*** Opening SUPPLIED DATA ***
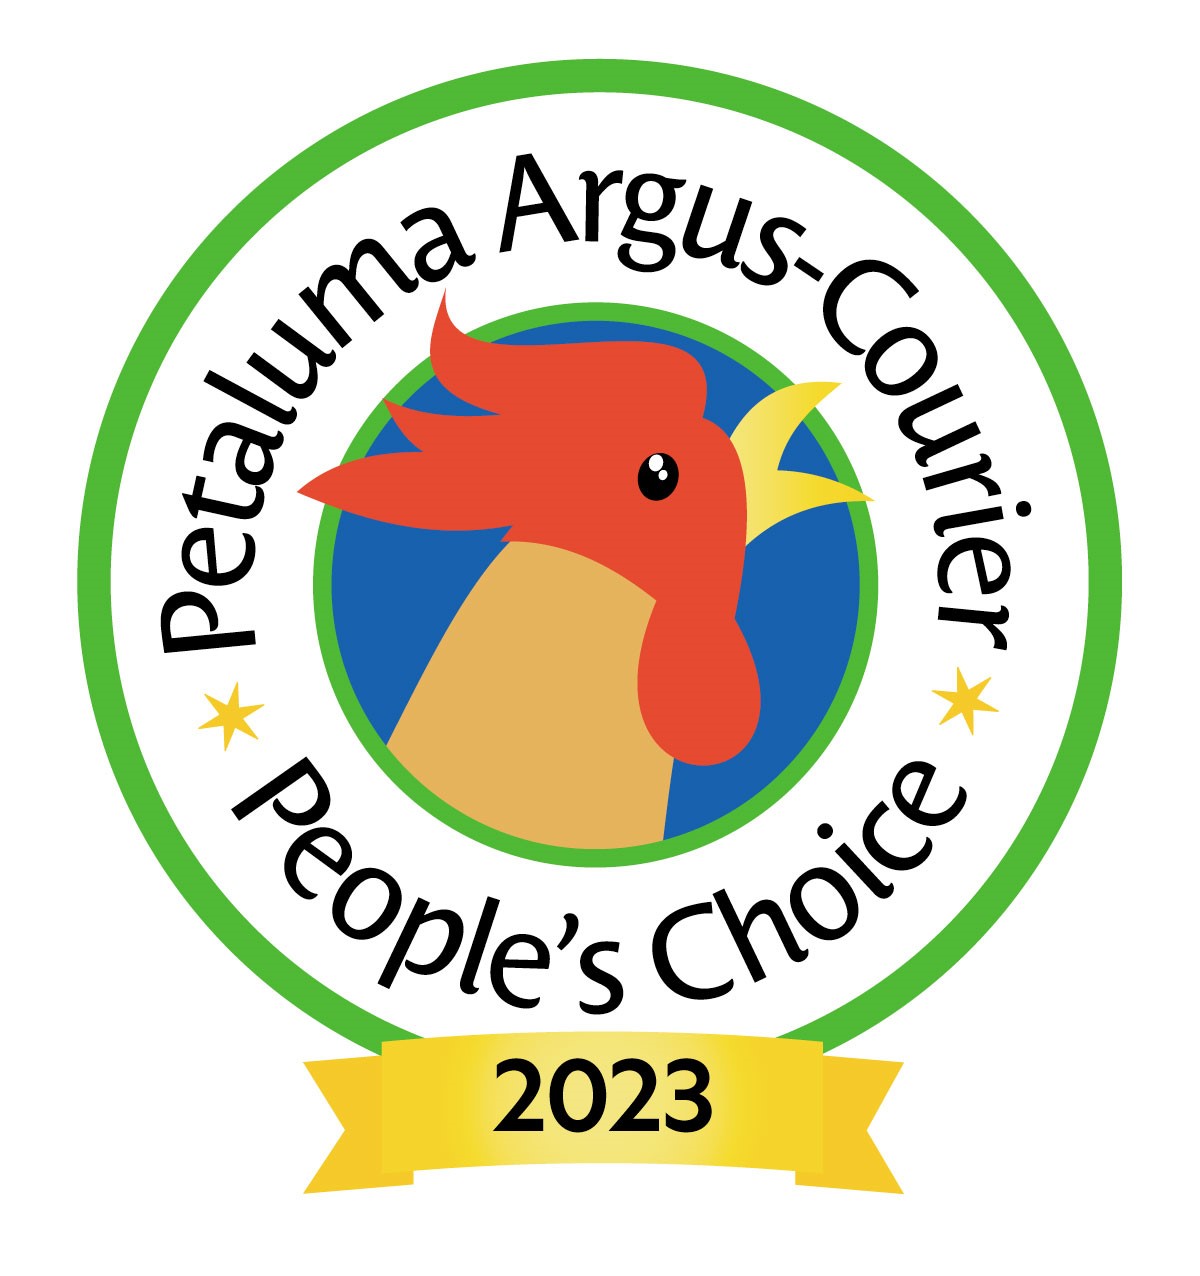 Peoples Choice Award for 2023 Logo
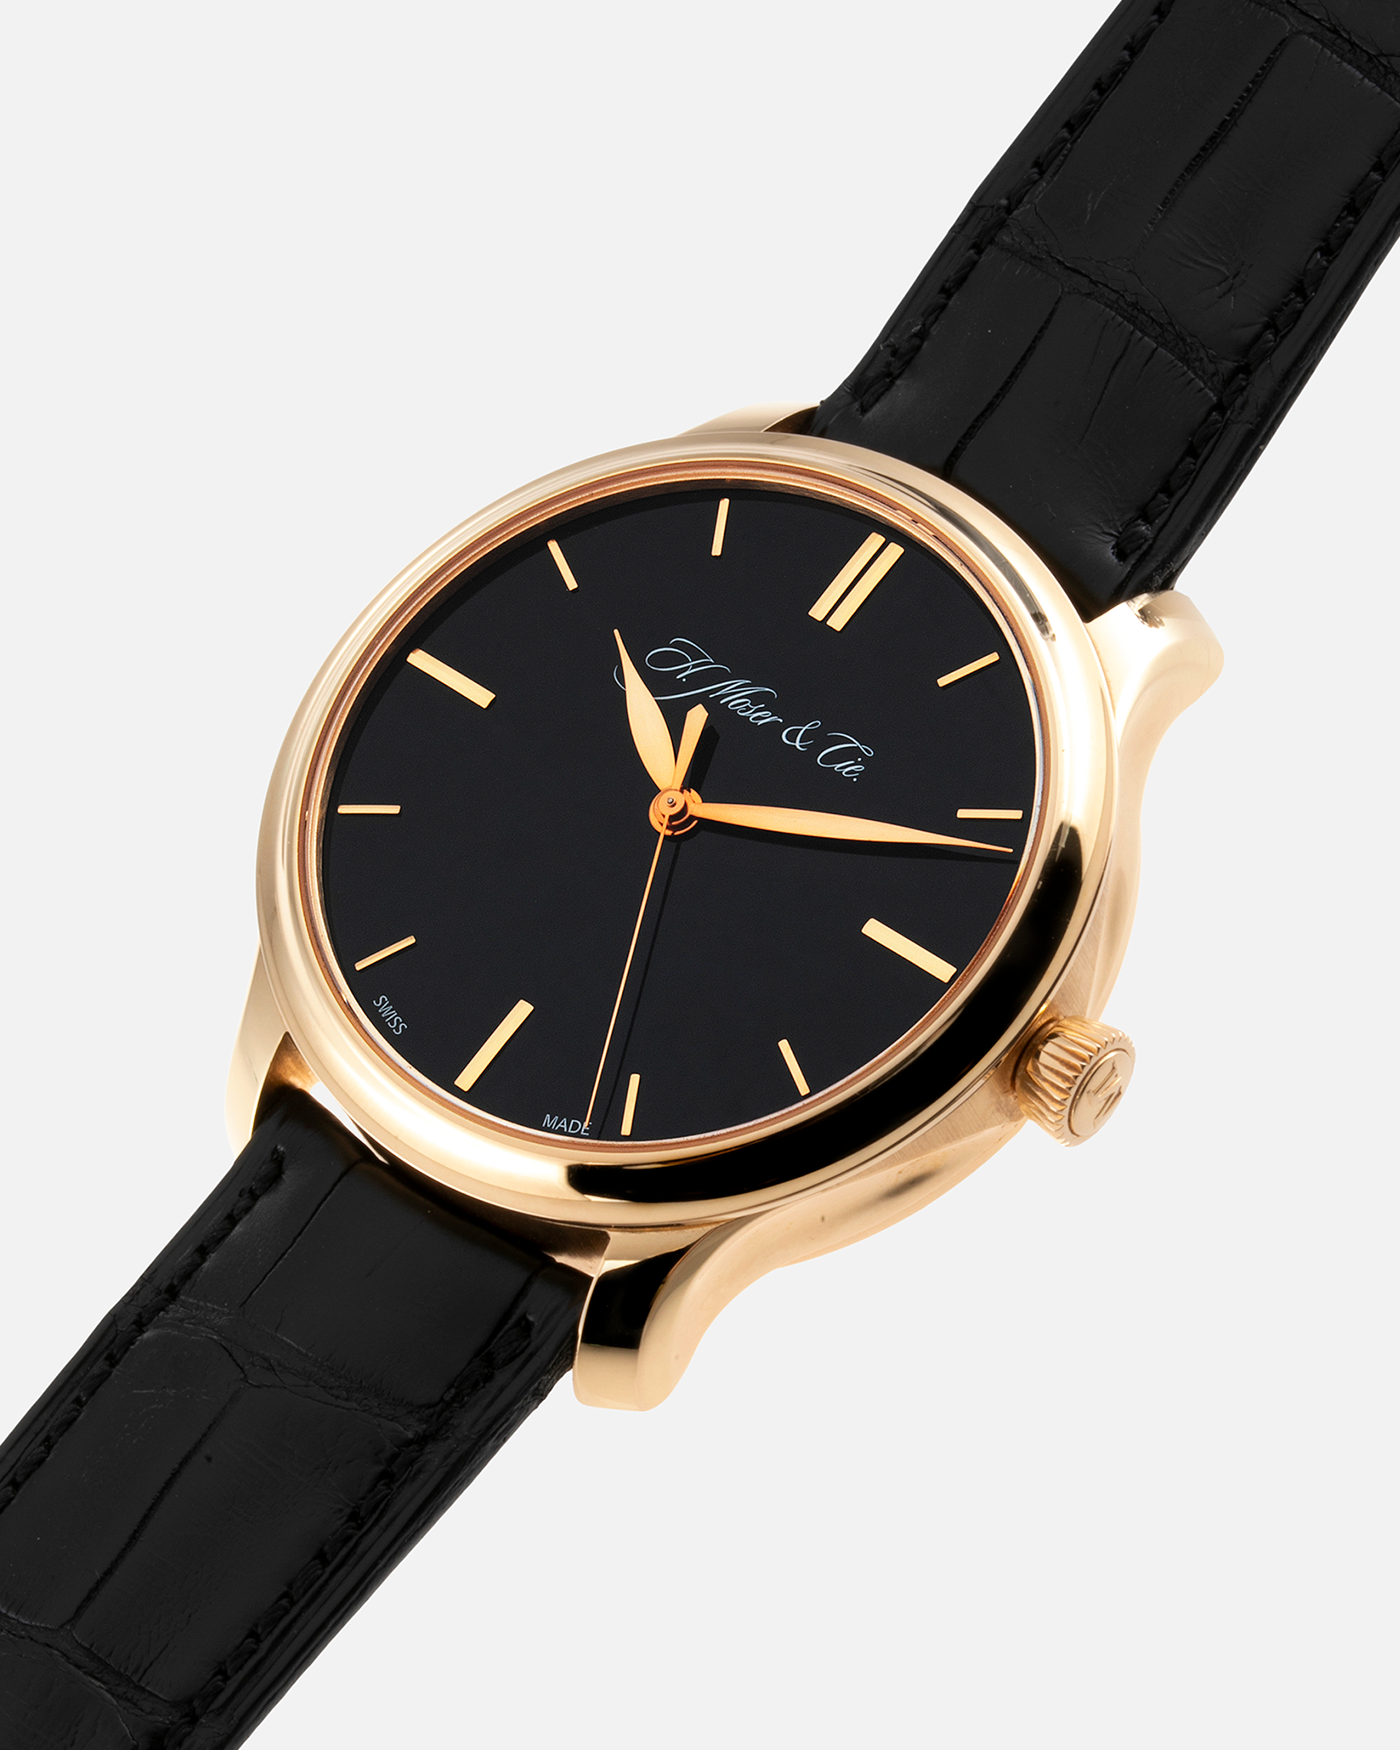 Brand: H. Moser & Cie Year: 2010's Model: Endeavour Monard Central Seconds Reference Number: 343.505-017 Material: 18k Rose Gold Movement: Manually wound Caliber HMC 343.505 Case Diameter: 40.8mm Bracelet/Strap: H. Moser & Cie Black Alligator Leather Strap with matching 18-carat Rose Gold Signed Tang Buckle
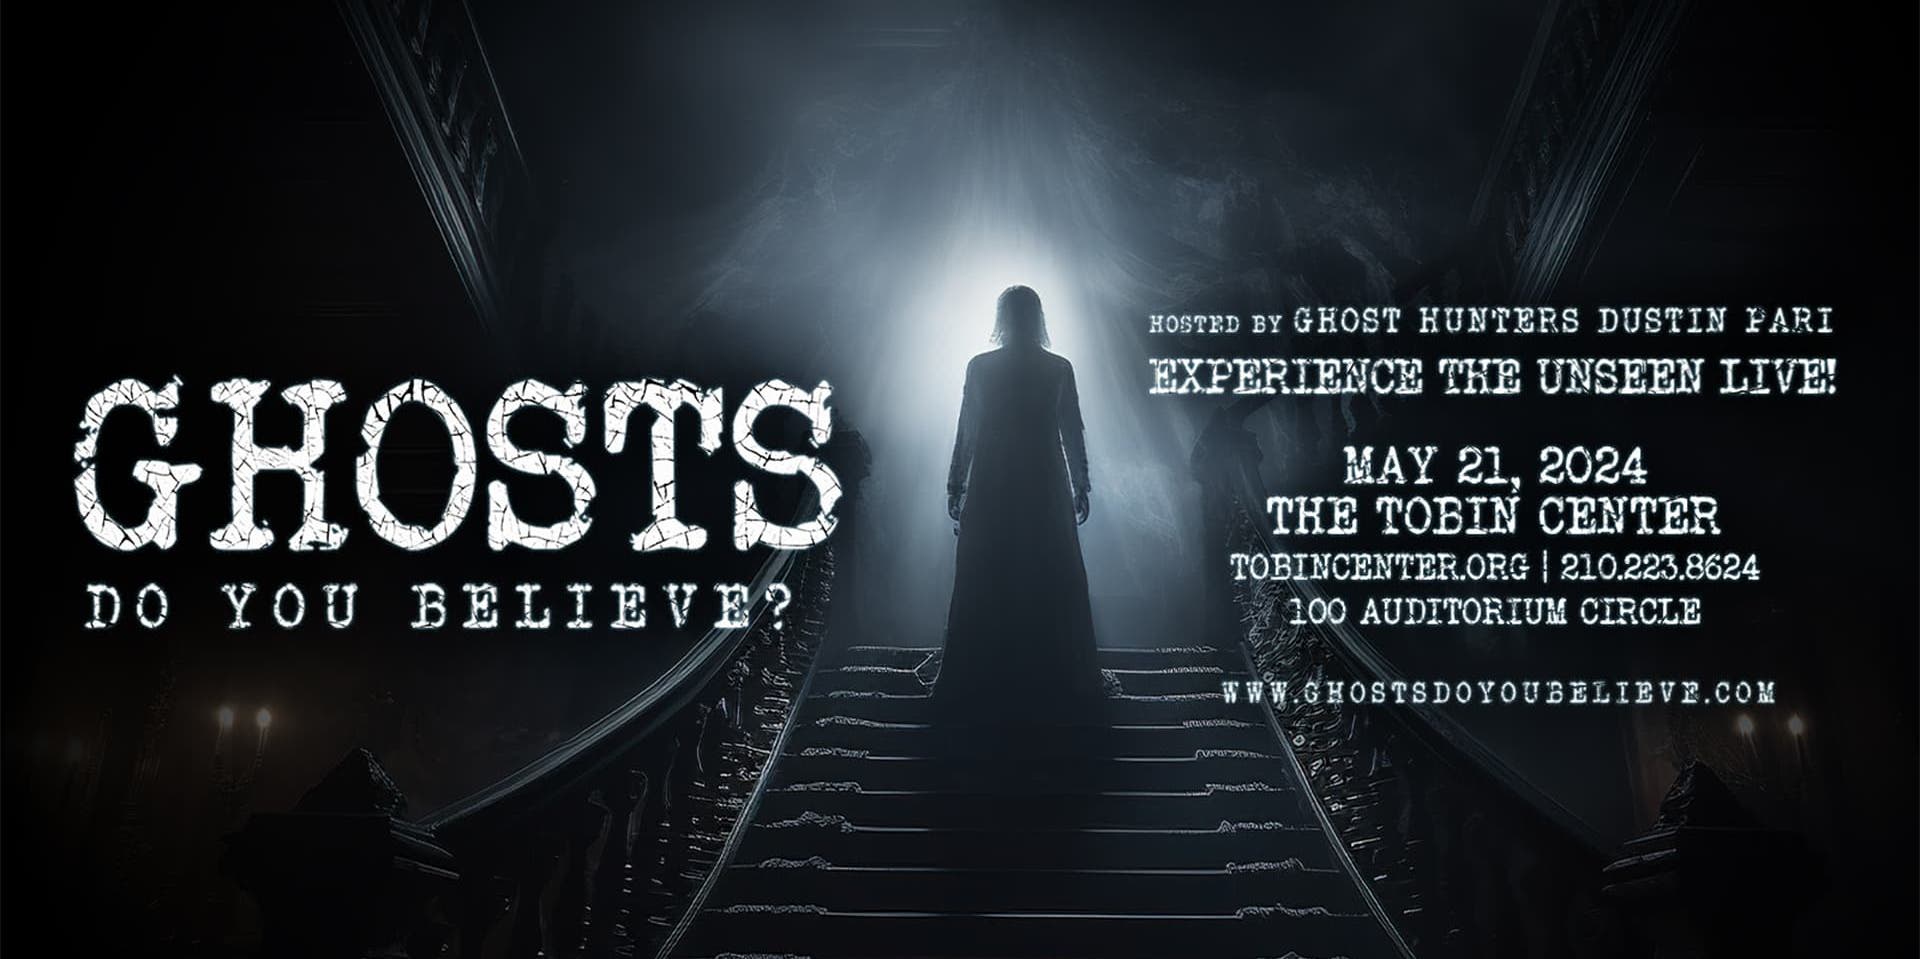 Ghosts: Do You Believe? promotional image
*** Closing SUPPLIED DATA ***
# REQUIRED ACTION:
Write out the full listing verbatim, excluding its pictures.

# RESPONSE BOX:
 Peoples Choice Award for 2023 Logo
 Brand: H. Moser & Cie Year: 2010's Model: Endeavour Monard Central Seconds Reference Number: 343.505-017 Material: 18k Rose Gold Movement: Manually wound Caliber HMC 343.505 Case Diameter: 40.8mm Bracelet/Strap: H. Moser & Cie Black Alligator Leather Strap with matching 18-carat Rose Gold Signed Tang Buckle
 Ghosts: Do You Believe? promotional image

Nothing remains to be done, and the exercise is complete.